Top of Records
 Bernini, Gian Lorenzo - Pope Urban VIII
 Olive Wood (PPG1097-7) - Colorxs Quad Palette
Bottom of Records
Top of Records
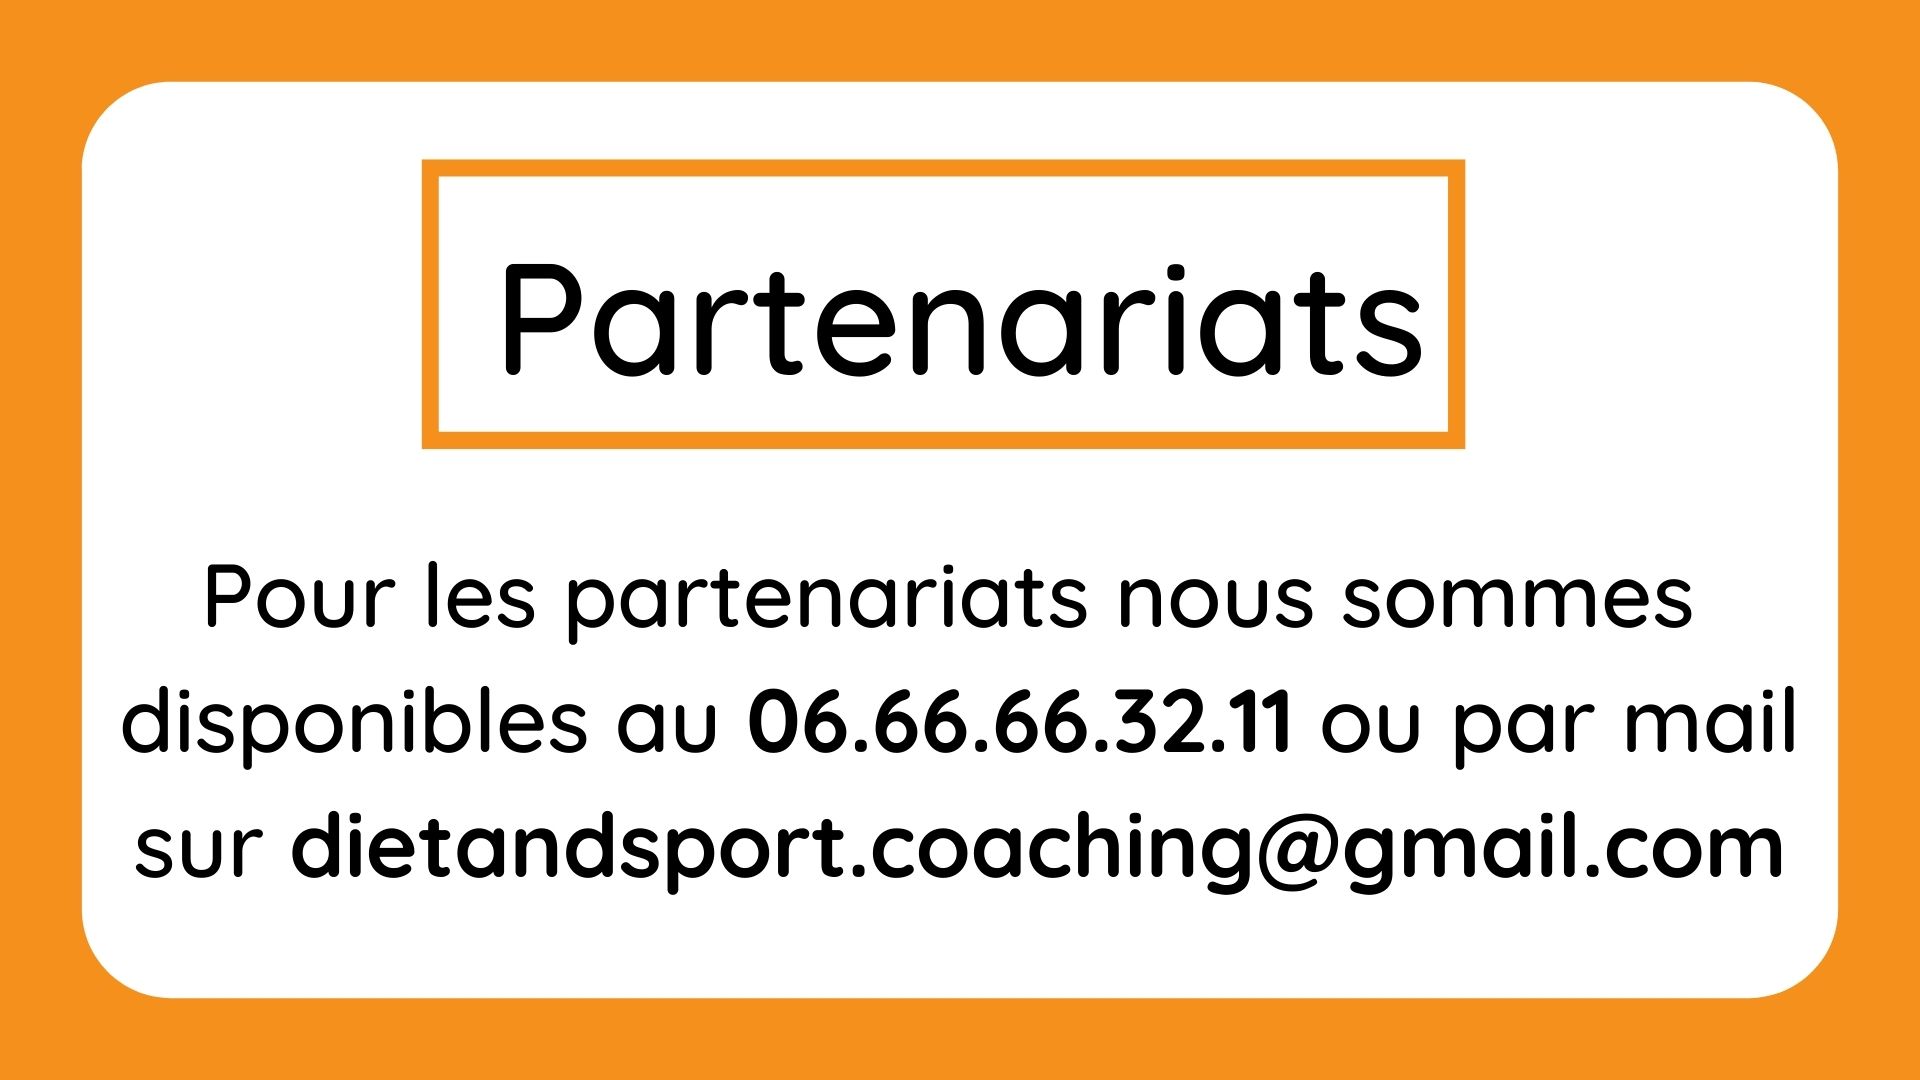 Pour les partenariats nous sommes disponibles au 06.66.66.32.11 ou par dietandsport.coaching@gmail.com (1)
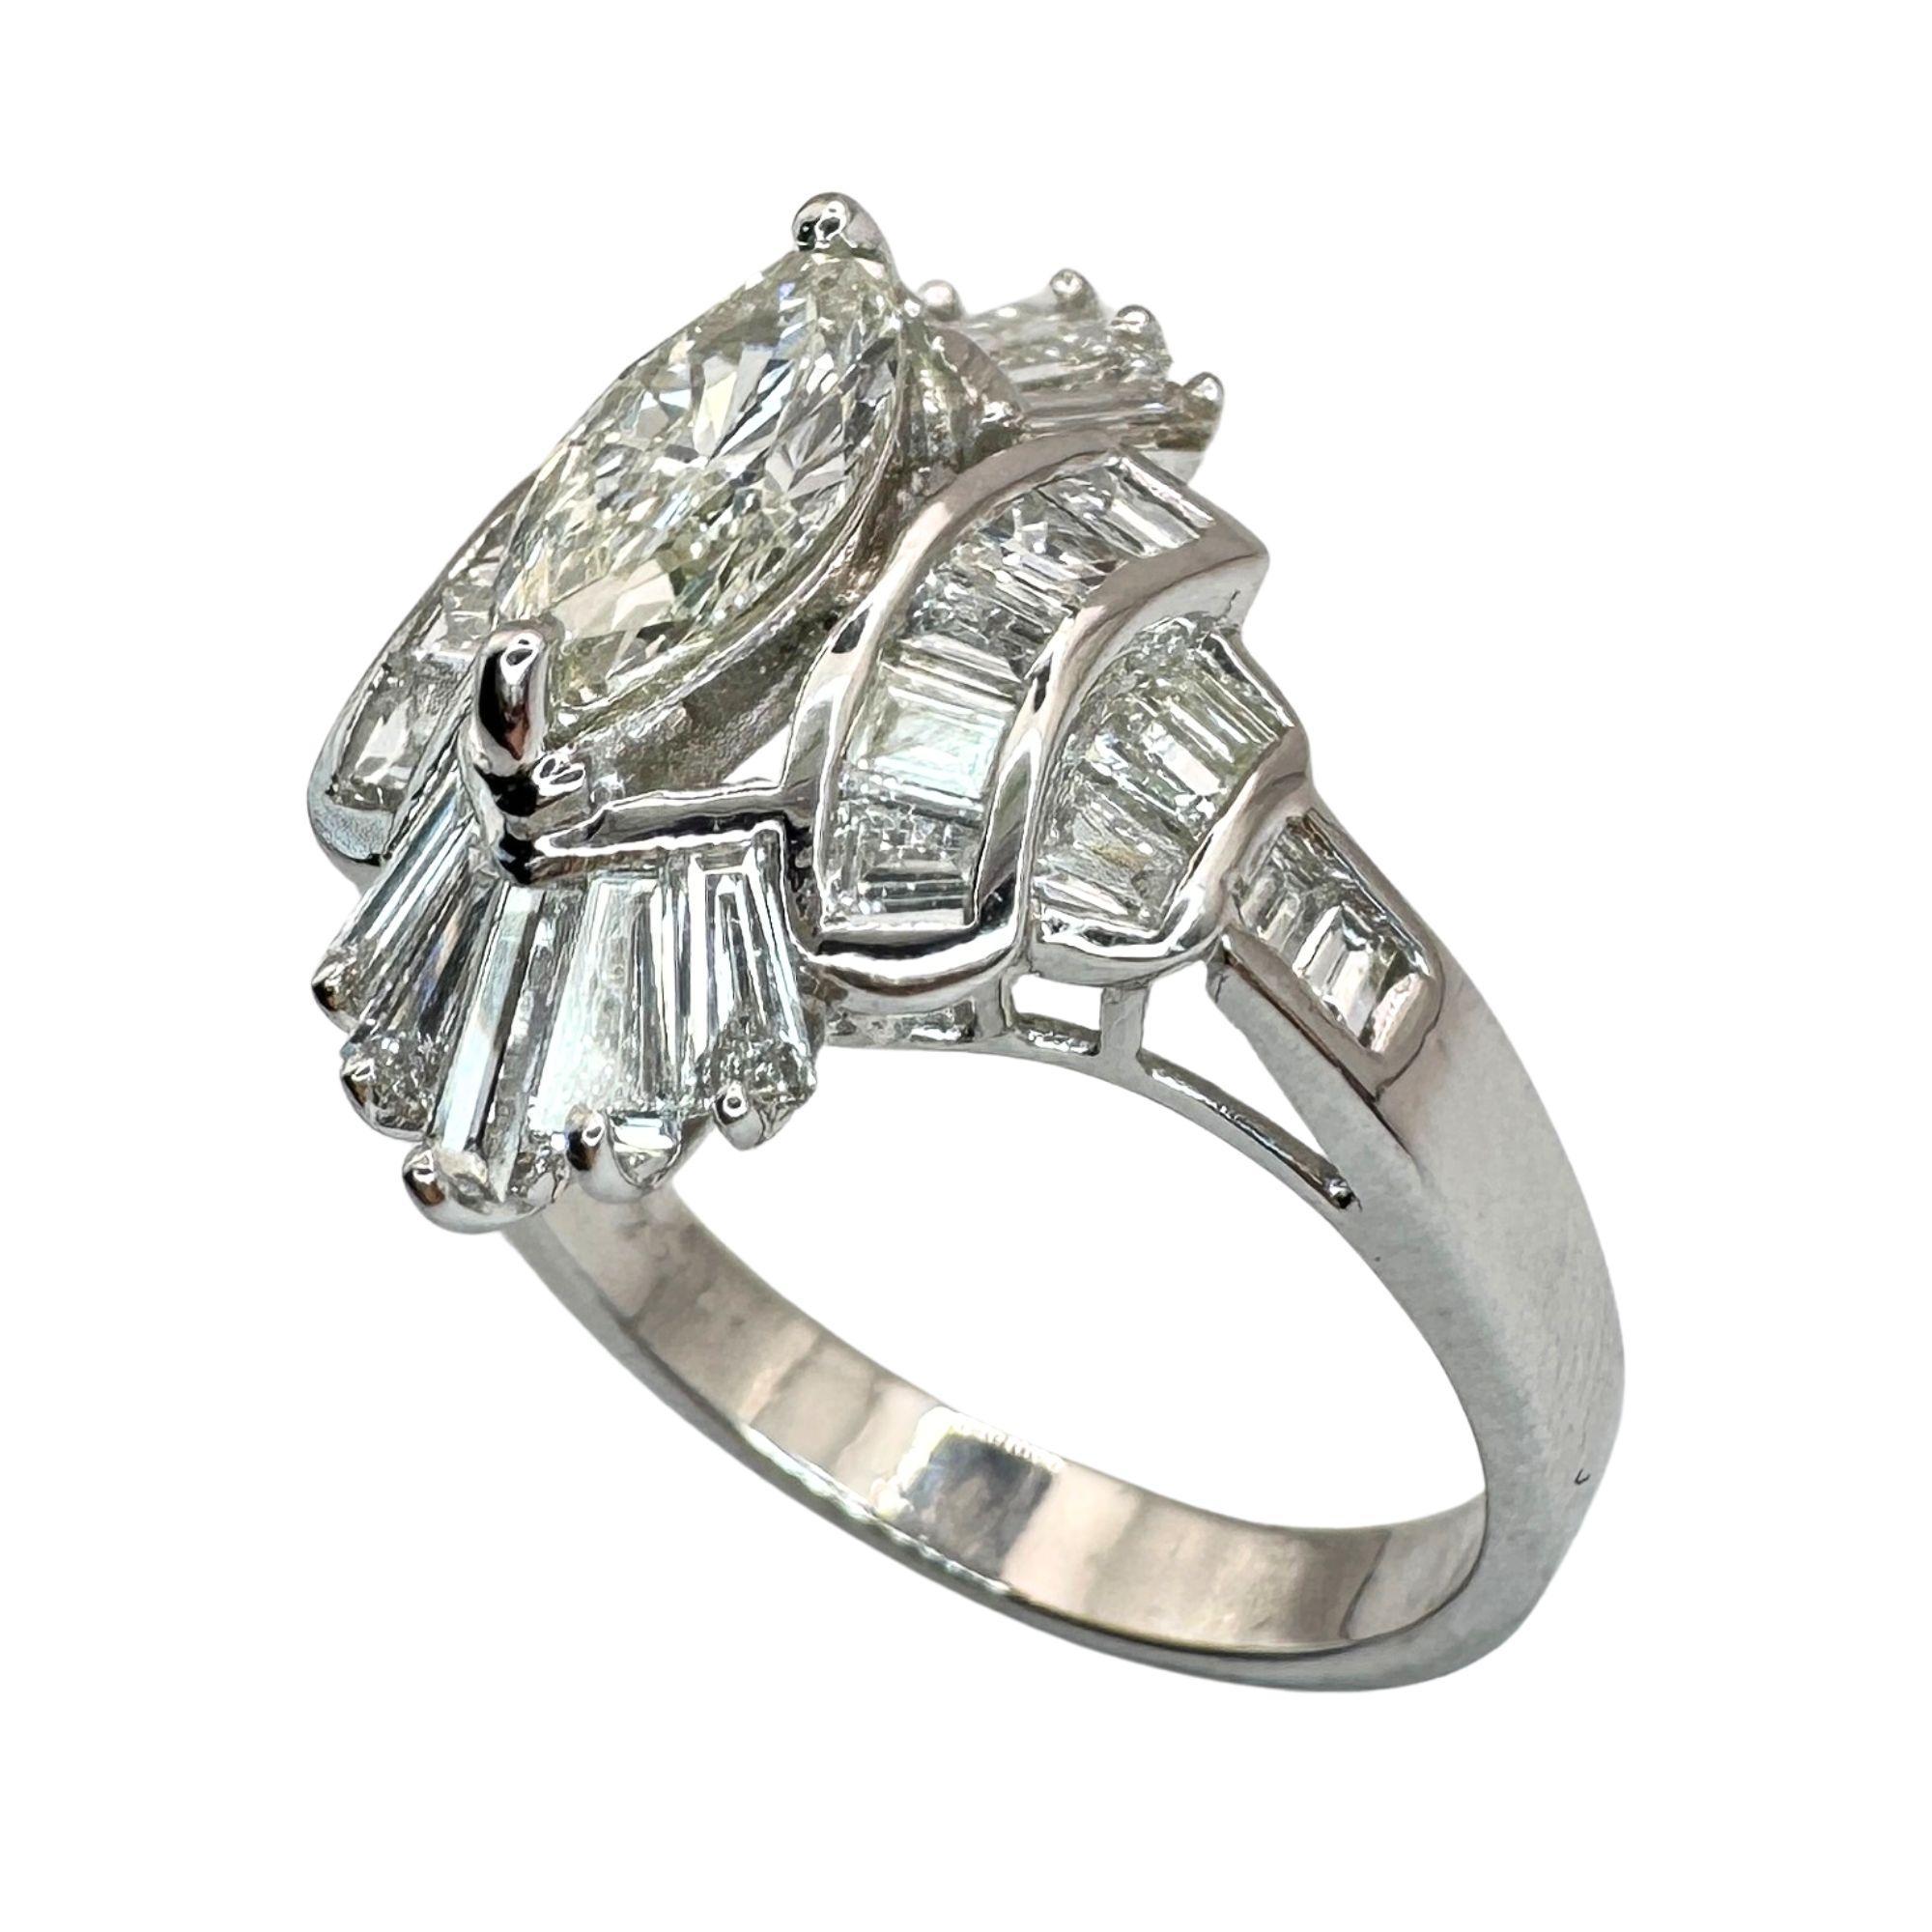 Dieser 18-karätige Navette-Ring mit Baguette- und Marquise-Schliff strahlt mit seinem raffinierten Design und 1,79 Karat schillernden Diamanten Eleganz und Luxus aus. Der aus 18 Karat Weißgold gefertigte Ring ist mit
Bottom of Records
#### Task
In the listing above, find the line containing "Pour les partenariats" and the line containing "Dieser 18-karätige Navette-Ring"; print those lines and every line between them exactly, leaving out pictures.

#### Written answer
 Pour les partenariats nous sommes disponibles au 06.66.66.32.11 ou par dietandsport.coaching@gmail.com (1)
 Dieser 18-karätige Navette-Ring mit Baguette- und Marquise-Schliff strahlt mit seinem raffinierten Design und 1,79 Karat schillernden Diamanten Eleganz und Luxus aus. Der aus 18 Karat Weißgold gefertigte Ring ist mit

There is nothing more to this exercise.